- McCrea in a 1930s publicity portrait
- Born: Joel Albert McCrea November 5, 1905 South Pasadena, California, U.S.
- Died: October 20, 1990 (aged 84) Los Angeles, California, U.S.
- Resting place: Remains scattered into the Pacific Ocean
- Education: Pomona College
- Years active: 1927–1976
- Spouse: Frances Dee ​(m. 1933)​
- Children: 3, including Jody McCrea

= Joel McCrea =

American actor (1905–1990)

Joel Albert McCrea (November 5, 1905 - October 20, 1990) was an American actor whose career as a leading man spanned a wide variety of genres over almost five decades, including comedy, drama, romance, thrillers, adventures, and Westerns, for which he became best known.

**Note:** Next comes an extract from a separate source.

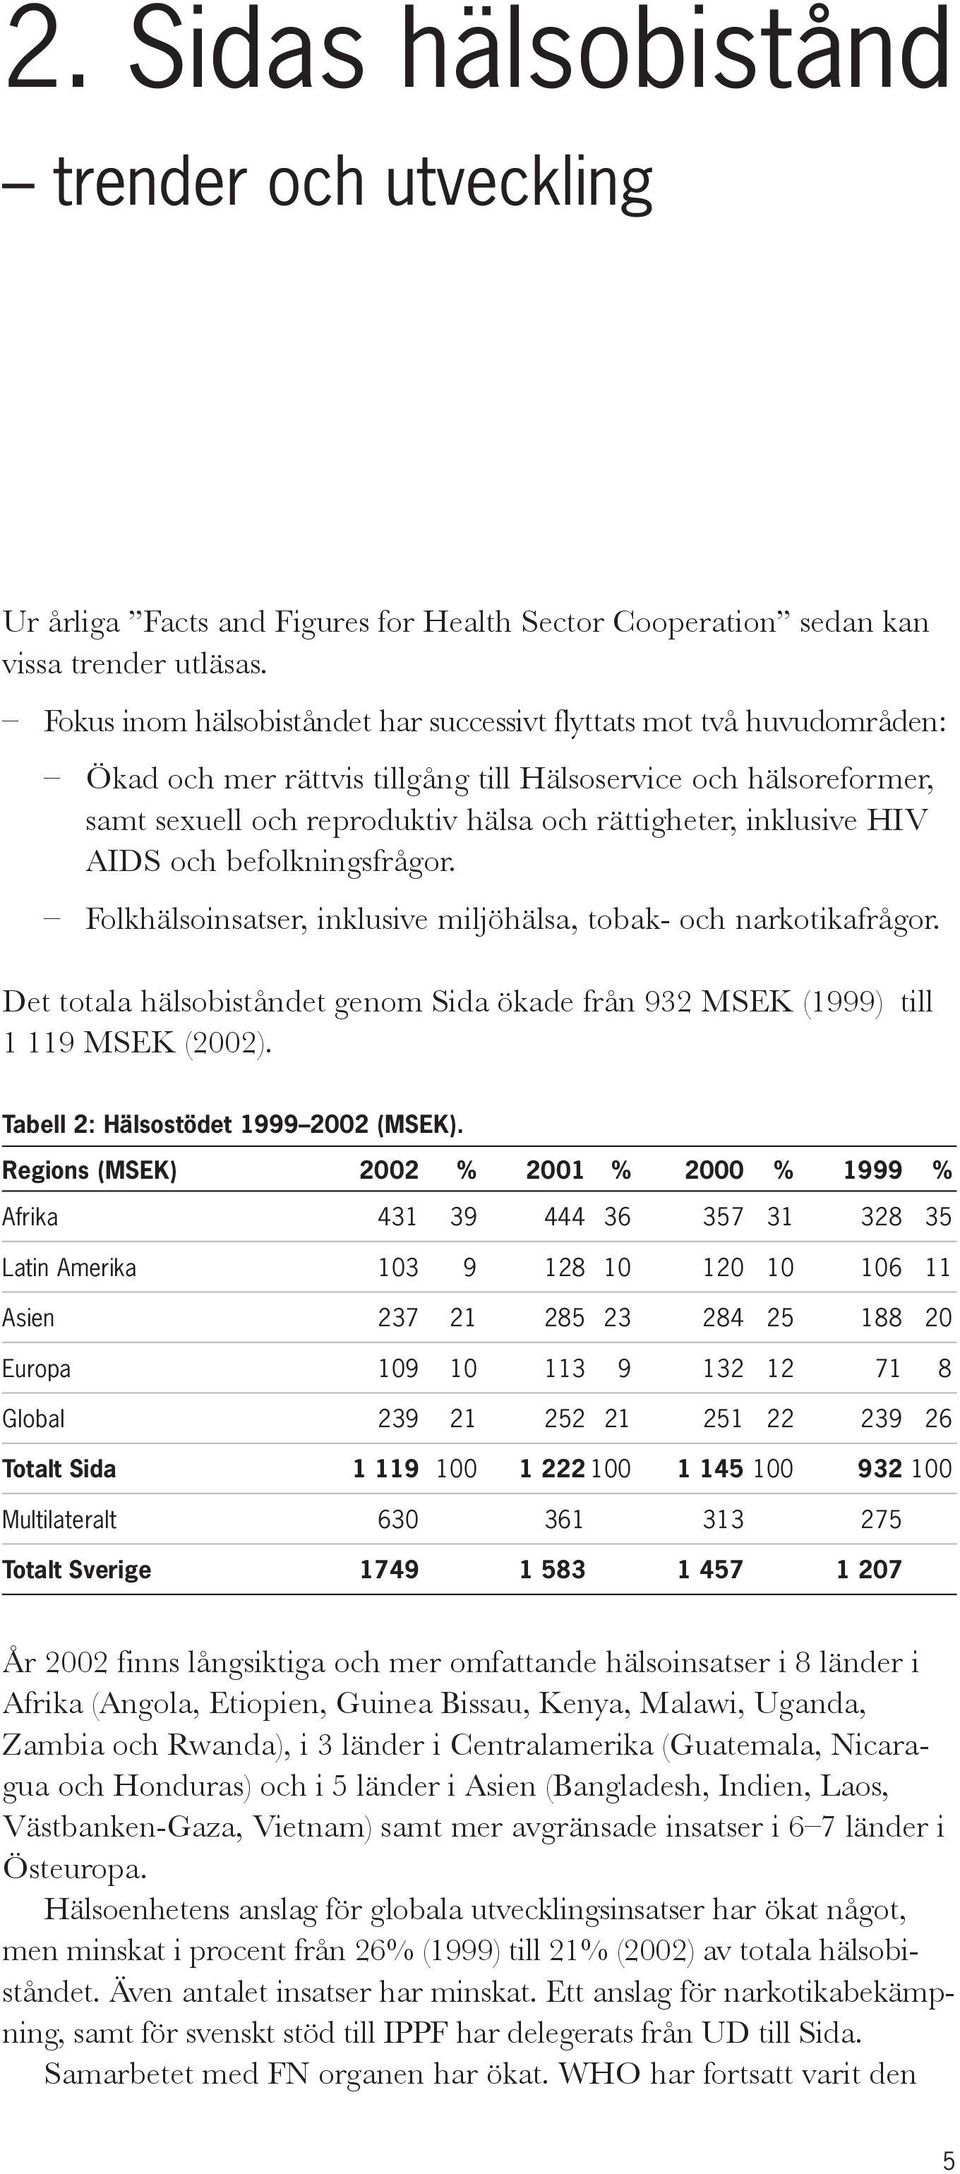 inklusive HIV AIDS och befolkningsfrågor. Folkhälsoinsatser, inklusive miljöhälsa, tobak- och narkotikafrågor. Det totala hälsobiståndet genom Sida ökade från 932 MSEK (1999) till 1 119 MSEK (2002).

McCrea appeared in over 100 films, starring in over 80, between 1927 and 1976. He starred in three Best Picture Oscar nominees: William Wyler's Dead End (1937), Alfred Hitchcock's espionage thriller Foreign Correspondent (1940), and George Stevens' romantic comedy The More the Merrier (1943).

His other notable films included Preston Sturges' comedies Sullivan's Travels (1941) and The Palm Beach Story (1942), Bird of Paradise (1932) The Most Dangerous Game (1932), Bed of Roses (1933), These Three and Come and Get It (both 1936), and a number of Westerns, including Barbary Coast (1935), Wichita (1955) as Wyatt Earp, and Sam Peckinpah's Ride the High Country (1962). With the exception of the British thriller Rough Shoot (1953) and film noir Hollywood Story (1951), McCrea appeared in Western films exclusively from 1946 until his retirement in 1976.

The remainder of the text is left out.